Seaborne transport was one of the earliest channels of commerce, and rules for resolving disputes involving maritime trade were developed early in recorded history. Early historical records of these laws include the Rhodian law (Nomos Rhodion Nautikos), of which no primary written specimen has survived, but which is alluded to in other legal texts (Roman and Byzantine legal codes), and later the customs of the Consulate of the Sea or the Hanseatic League. In southern Italy the Ordinamenta et consuetudo maris (1063) at Trani and the Amalfian Laws were in effect from an early date.

Bracton noted further that admiralty law was also used as an alternative to the common law in Norman England, which previously required voluntary submission to it by entering a plea seeking judgment from the court.[2]

A leading sponsor of admiralty law in Europe was the French  Queen Eleanor of Aquitaine. Eleanor (sometimes known as "Eleanor of Guyenne”) had learned about admiralty law whilst on a crusade in the eastern Mediterranean with her first husband, King Louis VII of France. Eleanor then established admiralty law on the island of Oleron, where it was published as the "Rolls of Oleron". Some time later, while she was in London acting as regent for her son, King Richard the Lionheart, Eleanor instituted admiralty law into England as well.

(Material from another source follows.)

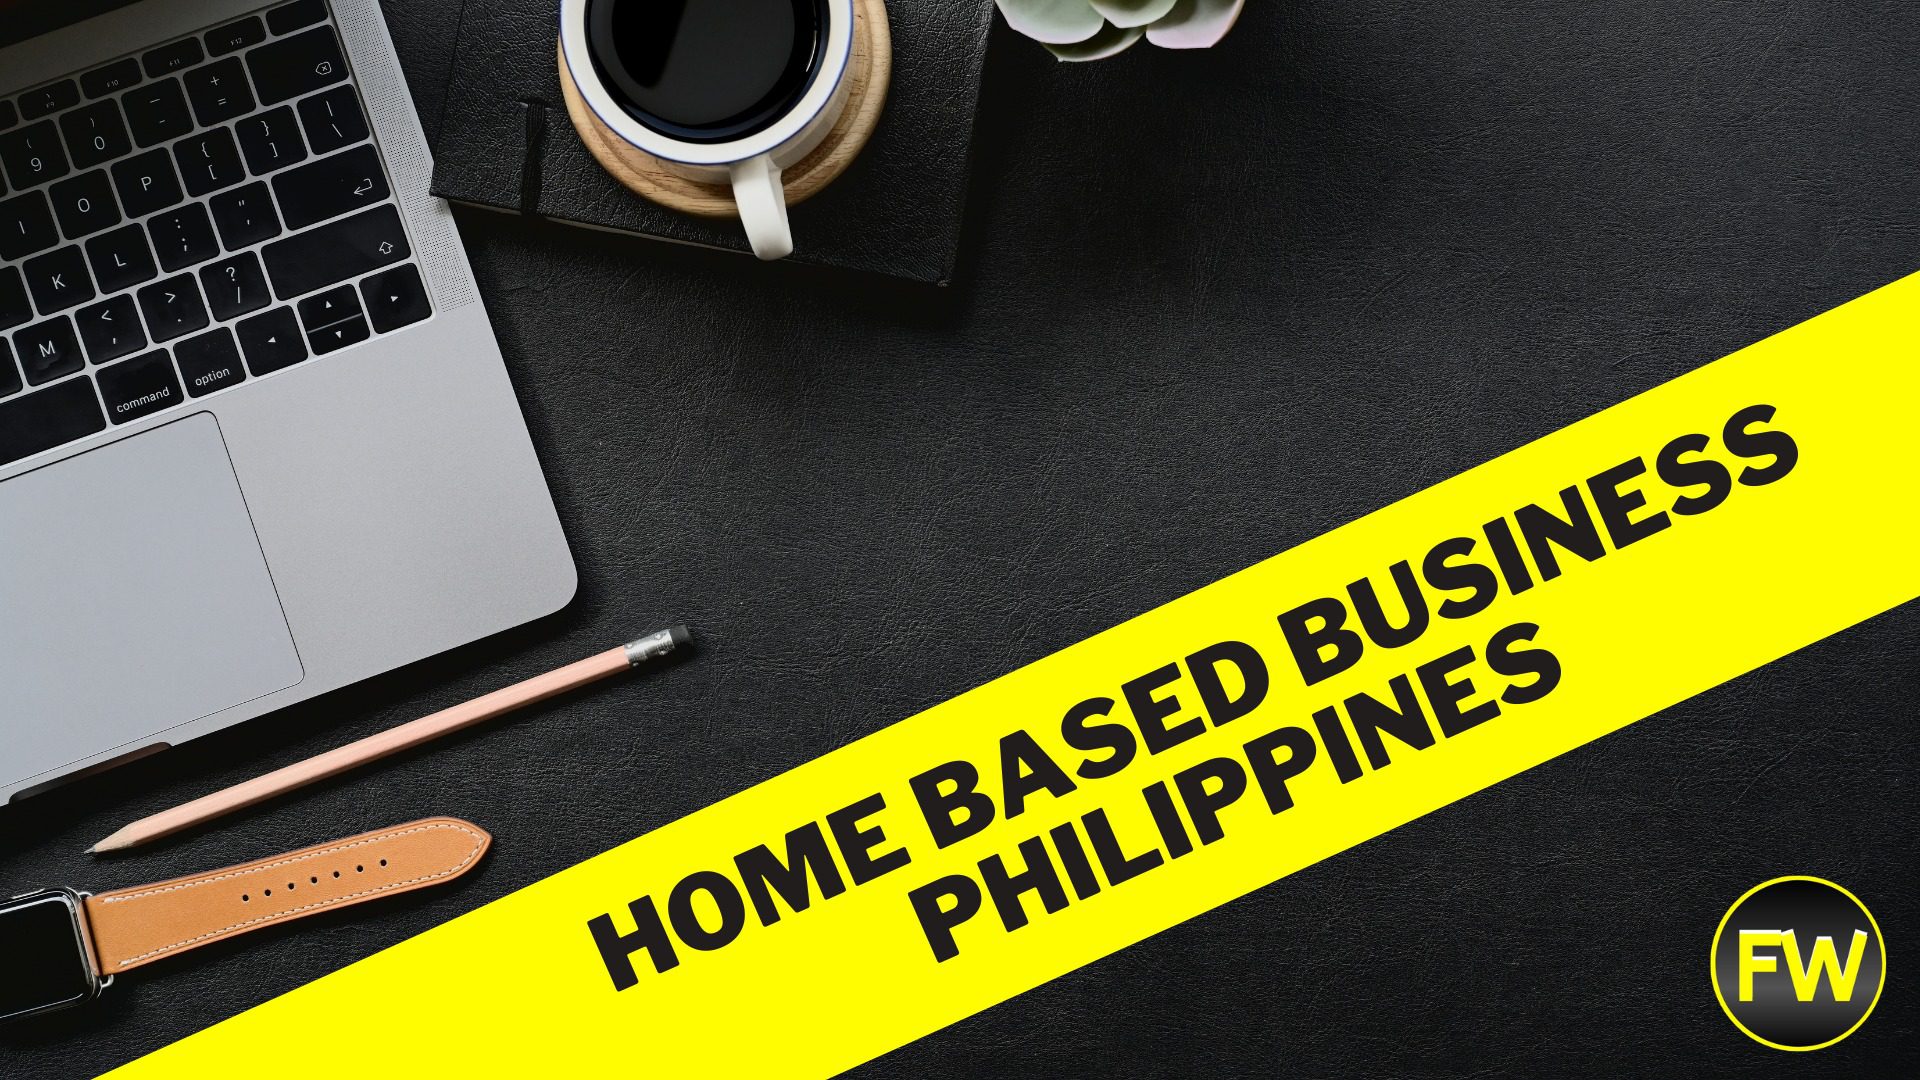 home based business ideas philippines

In England, a special Admiralty Court handles all admiralty cases. Despite early reliance upon civil law concepts derived from the Corpus Juris Civilis of Justinian, the English Admiralty Court is very much a common law court, albeit a sui generis tribunal initially somewhat distanced from other English courts. After around 1750, as the industrial revolution took hold and English maritime commerce burgeoned, the Admiralty Court became a proactive source of innovative legal ideas and provisions to meet the new situation. The Judicature Acts of 1873-1875 abolished the Admiralty Court as such, and it became conflated in the new "Probate, Divorce & Admiralty" division of the High Court. However, when the PDA was abolished and replaced by a new "Family Division", admiralty jurisdiction passed to a so-called "Admiralty Court" which was effectively the QBD sitting to hear nautical cases. The Senior Courts Act 1981 then clarified the "admiralty jurisdiction of the High Court", so England once again has a distinct Admiralty Court (albeit no longer based in the Royal Courts of Justice, but in the Rolls Building).

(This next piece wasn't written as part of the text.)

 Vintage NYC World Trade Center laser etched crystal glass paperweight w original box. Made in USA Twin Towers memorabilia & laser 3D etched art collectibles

English Admiralty courts were a prominent feature in the prelude to the American Revolution. For example, the phrase in the Declaration of Independence "For depriving us in many cases, of the benefits of Trial by Jury" refers to the practice of the UK Parliament giving the Admiralty Courts jurisdiction to enforce The Stamp Act in the American Colonies.[3] This power has been awarded because the Stamp Act was unpopular in America, so that a colonial jury would be unlikely to convict any colonist of its violation. However, since English admiralty courts have never had trial by jury, a colonist charged with breaching the Stamp Act could be more easily convicted by the Crown.[citation needed]

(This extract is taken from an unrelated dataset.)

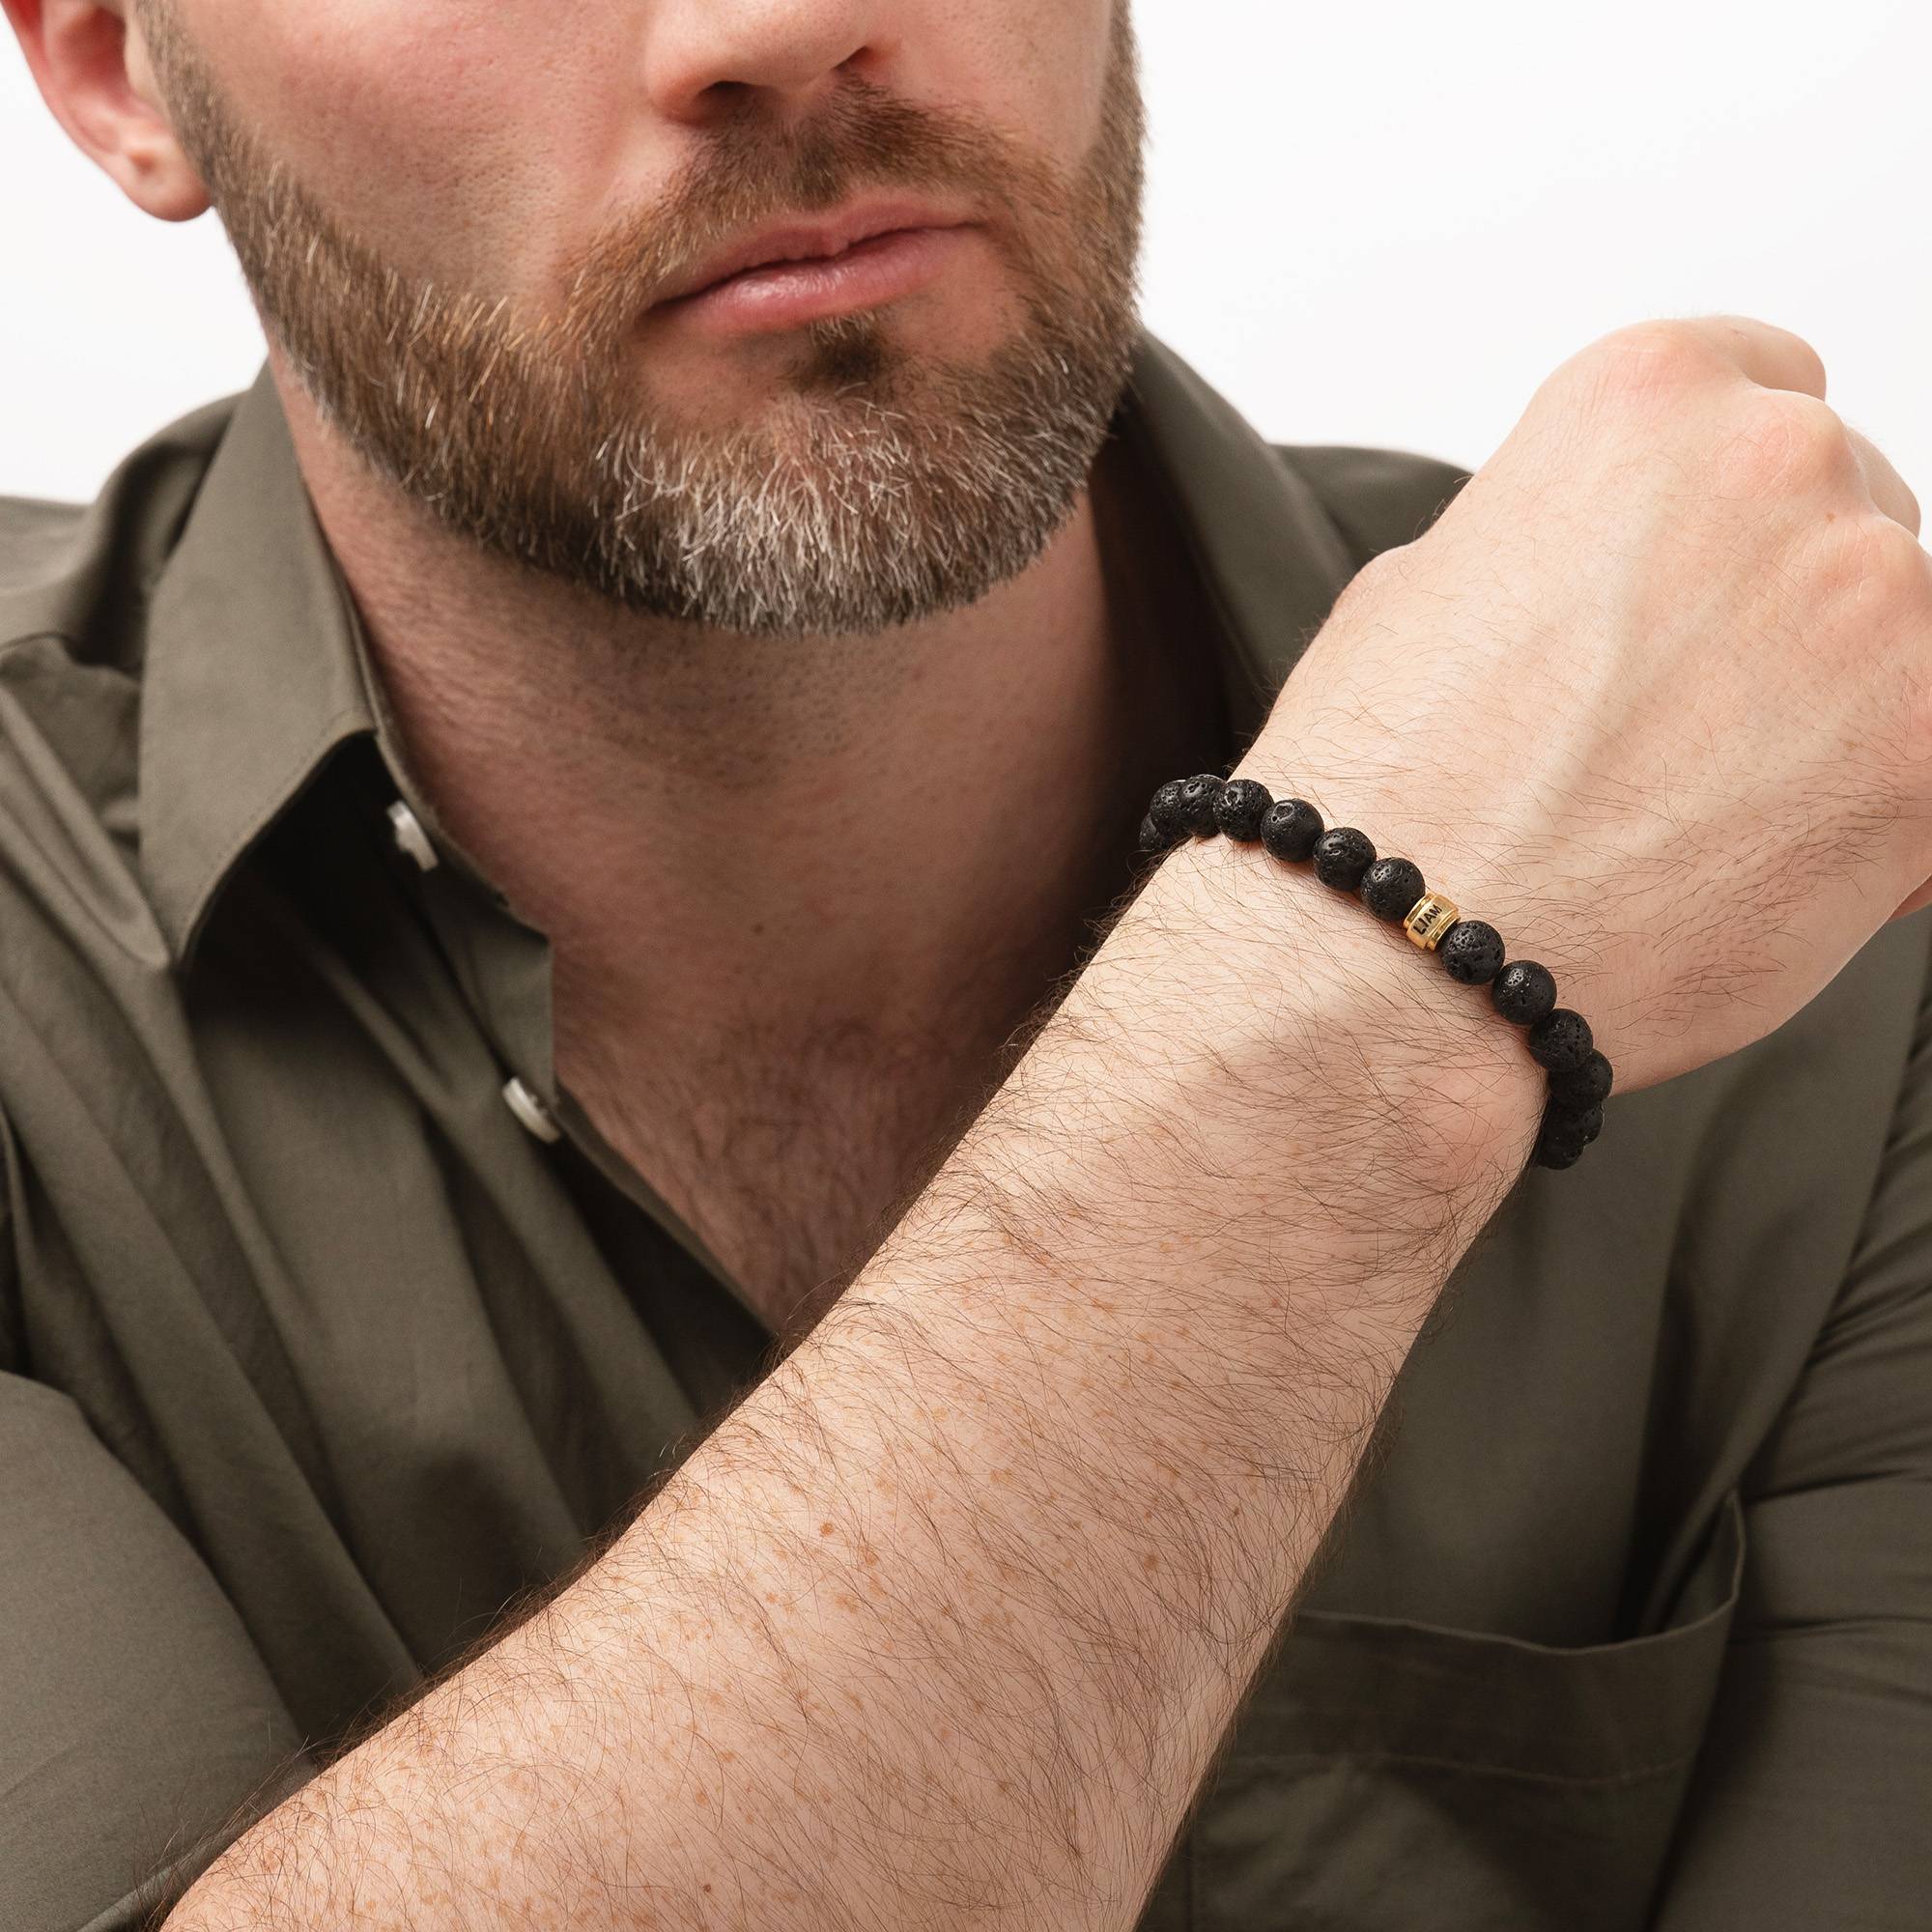 Leo Personalized Lava Bracelet for Men with 18ct Gold Vermeil Beads-2 product photo

Admiralty law became part of the law of the United States as it was gradually introduced through admiralty cases arising after the adoption of the U.S. Constitution in 1789. Many American lawyers who were prominent in the American Revolution were admiralty and maritime lawyers in their private lives. Those included are Alexander Hamilton in New York and John Adams in Massachusetts.

In 1787 John Adams, who was then ambassador to France, wrote to James Madison proposing that the U.S. Constitution, then under consideration by the States, be amended to include "trial by jury in all matters of fact triable by the laws of the land [as opposed the law of admiralty] and not by the laws of Nations [i.e. not by the law of admiralty]". The result was the Seventh Amendment to the U.S. Constitution. Alexander Hamilton and John Adams were both admiralty lawyers and Adams represented John Hancock in an admiralty case in colonial Boston involving seizure of one of Hancock's ships for violations of Customs regulations. In the more modern era, Supreme Court Justice Oliver Wendell Holmes was an admiralty lawyer before ascending to the bench.

Features

Matters dealt by admiralty law include marine commerce, marine navigation, salvage, maritime pollution, seafarers’ rights, and the carriage by sea of both passengers and goods. Admiralty law also covers land-based commercial activities that are maritime in character, such as marine insurance. Some lawyers prefer to reserve the term “admiralty law” for “wet law” (e.g. salvage, collisions, ship arrest, towage, liens and limitation), and use “maritime law” only for “dry law” (e.g. carriage of goods & people, marine insurance, and the MLC).[c][citation needed]

Maintenance and cure

The doctrine of maintenance and cure is rooted in Article VI of the Rolls of Oleron promulgated in about 1160 A.D. The obligation to "cure" requires a shipowner to provide medical care free of charge to a seaman injured in the service of the ship, until the seaman has reached "maximum medical cure". The concept of "maximum medical cure" is more extensive than the concept "maximum medical improvement". The obligation to "cure" a seaman includes the obligation to provide him with medications and medical devices which improve his ability to function, even if they don't "improve" his actual condition. They may include long term treatments that permit him to continue to function well. Common examples include prostheses, wheelchairs, and pain medications.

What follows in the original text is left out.